LA COUR STATUE, dans le dossier de la Cour T‑633‑11 (le contrôle judiciaire de la décision sur le fond ou relatif au licenciement), que la conclusion de l’arbitre relative au défaut de fournir des mesures d’adaptation est confirmée et la partie de la décision relative au licenciement est annulée; cette question est renvoyée au même arbitre pour qu’il rende une nouvelle décision. Le demandeur a droit aux dépens afférents à la demande.

 

ET LA COUR STATUE, dans le dossier de la Cour T‑1657‑11 (le contrôle judiciaire relatif aux intérêts), que la demande de contrôle judiciaire est accueillie dans la mesure où la décision de l’arbitre relative à l’octroi d’intérêts sur les dommages‑intérêts est annulée.

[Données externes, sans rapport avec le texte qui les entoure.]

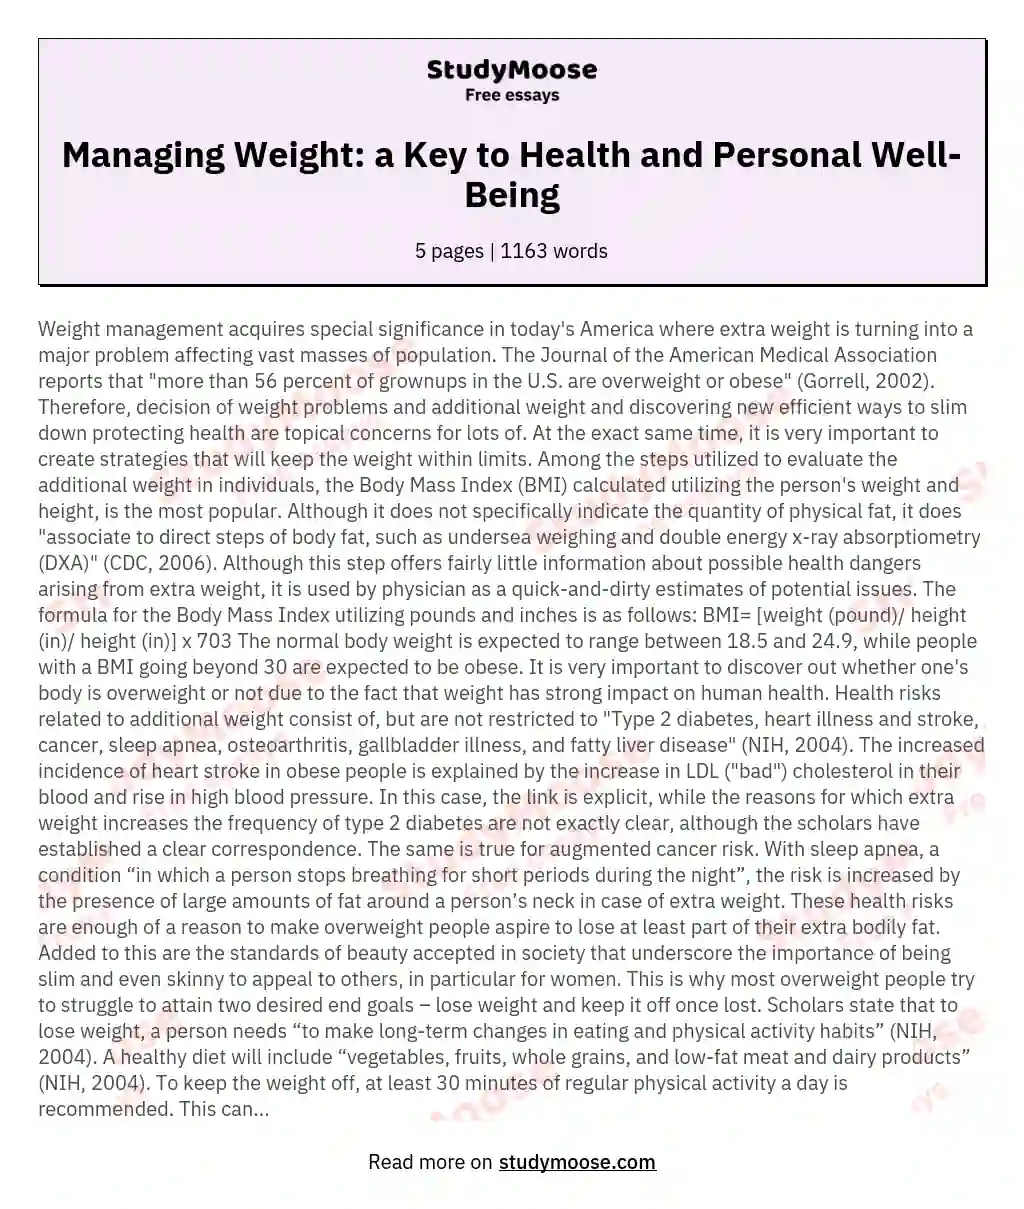 Managing Weight: a Key to Health and Personal Well-Being essay

Le demandeur a droit aux dépens de la demande.

 

ET LA COUR STATUE, dans le dossier de la Cour T‑1669‑11 (le contrôle judiciaire relatif aux mesures de réparation systémiques), que la demande de contrôle judiciaire est accueillie, que les dépens sont adjugés au demandeur et que l’affaire est renvoyée au même arbitre pour qu’il rende une nouvelle décision.

 

 

 

« John A. O’Keefe »

Juge

 

 

 

Traduction certifiée conforme

Sandra de Azevedo, LL.B.


ANNEXE

 

Dispositions législatives applicables

 

Loi sur les relations de travail dans la fonction publique, LC 2003, c 27

 

209. (1) Après l’avoir porté jusqu’au dernier palier de la procédure applicable sans avoir obtenu satisfaction, le fonctionnaire peut renvoyer à l’arbitrage tout grief individuel portant sur :

 

 

 

a) soit l’interprétation ou l’application, à son égard, de toute disposition d’une convention collective ou d’une décision arbitrale;

 

. . .

 

226. (1) Pour instruire toute affaire dont il est saisi, l’arbitre de grief peut :

 

a) de la même façon et dans la même mesure qu’une cour supérieure d’archives, convoquer des témoins et les contraindre à comparaître et à déposer sous serment, oralement ou par écrit;

 

b) ordonner l’utilisation de moyens de télécommunication permettant aux parties et à l’arbitre de grief de communiquer les uns avec les autres simultanément lors des audiences et des conférences préparatoires;

 

c) faire prêter serment et recevoir les affirmations solennelles;

 

d) accepter des éléments de preuve, qu’ils soient admissibles ou non en justice;

 

e) obliger, en tout état de cause, toute personne à produire les documents ou pièces qui peuvent être liés à toute question dont il est saisi;

 

 

f) sous réserve des restrictions que le gouverneur en conseil peut imposer en matière de défense ou de sécurité, pénétrer dans les locaux ou sur les terrains de l’employeur où des fonctionnaires exécutent ou ont exécuté un travail, procéder à l’examen de tout matériau, outillage, appareil ou objet s’y trouvant, ainsi qu’à celui du travail effectué dans ces lieux, et obliger quiconque à répondre aux questions qu’il lui pose relativement à l’affaire dont il est saisi;

 

g) interpréter et appliquer la Loi canadienne sur les droits de la personne, sauf les dispositions de celle‑ci sur le droit à la parité salariale pour l’exécution de fonctions équivalentes, ainsi que toute autre loi fédérale relative à l’emploi, même si la loi en cause entre en conflit avec une convention collective;

 

 

h) rendre les ordonnances prévues à l’alinéa 53(2)e) et au paragraphe 53(3) de la Loi canadienne sur les droits de la personne;

 

i) dans le cas du grief portant sur le licenciement, la rétrogradation, la suspension ou une sanction pécuniaire, adjuger des intérêts au taux et pour la période qu’il estime justifiés;

 

j) rejeter de façon sommaire les griefs qu’il estime frustratoires.

 

 

228. (1) L’arbitre de grief donne à chaque partie au grief l’occasion de se faire entendre.

 

 

(2) Après étude du grief, il tranche celui‑ci par l’ordonnance qu’il juge indiquée. …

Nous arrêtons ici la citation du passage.